Students expressed mixed reactions to CSU president Albert C. Yates’ plans to retire this June, which he announced Friday morning.
Many students conveyed surprise, saying they had no idea Yates planned to retire anytime soon.
“He’s taken a lot of initiative to promote unity,” said Ryan Miccio, the Assistant Director of Student Empowerment with the Associated Students of CSU.
Miccio said he appreciates Yates’ involvement at the university, and said the president has always been “pleasant” to him.
“I’m kind of intrigued at his announcement, though,” Miccio, a sophomore political science major, continued. “He’s started so many big projects that he isn’t necessarily seeing through. But I’m sure he set them up so they can be taken over by his successors.”
Yates, along with the chancellor at Denver University, launched the yearlong “Bridges to the Future” program last month. The “Bridges” events are designed to promote an evaluation of American values in light of Sept. 11.
Yates said he was retiring to spend more time with his family.
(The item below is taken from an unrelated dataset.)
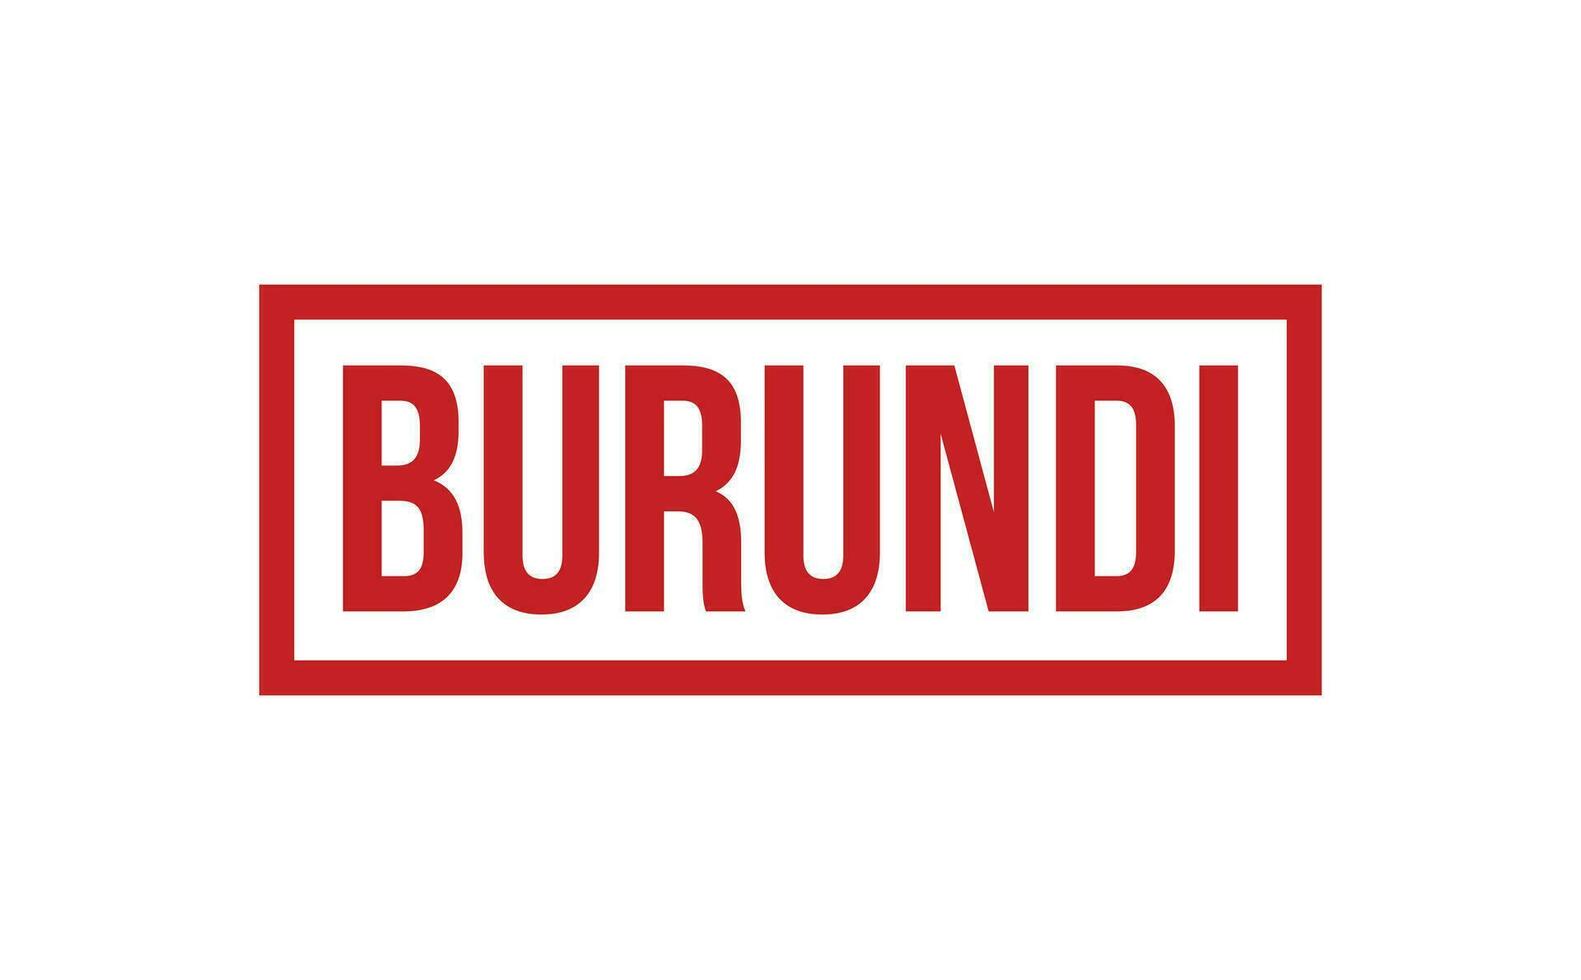 Burundi caucho sello sello vector

Luke O’Dell, the Associate Senator at ASCSU, shared Miccio’s thoughts on programs Yates has begun. O’Dell expressed his belief that these programs are beneficial and positive for our university, and that Yates’ retirement left him concerned.
“I’m concerned with the well-being of our institution, despite recommendations being handed down from the panel,” O’Dell stated. “(I’m concerned with) issues of higher education, regarding credit caps and increasing tuition, because I know he’s been a strong advocate of keeping the price of education down.”
Some students have not experienced much interaction with Yates, and expressed surprise over his sudden announcement.
“I’m pretty shocked,” said Kathy Plate, a junior biology major. “There wasn’t any type of forewarning.”
It took a few hours for the news to spread around campus. Some students said they did not know who Al Yates was, others said they had personal experience with him, and some said they had encountered him once or twice.
“I’ve met him once,” said Becky Crissinger, a senior psychology major. “I served him at a restaurant, and he was a pleasant man. He was very genuine; a good person to be running the school.”
A couple students said they wanted more details about why he was resigning.
“It’s out of the blue,” said Chad Laszlo, a senior economics major. “I wonder if anything happened to his family that caused this.”
Chris Bowers had similar questions.
“It makes me wonder if there’s something else personal going on,” Bowers, a junior business management major, said.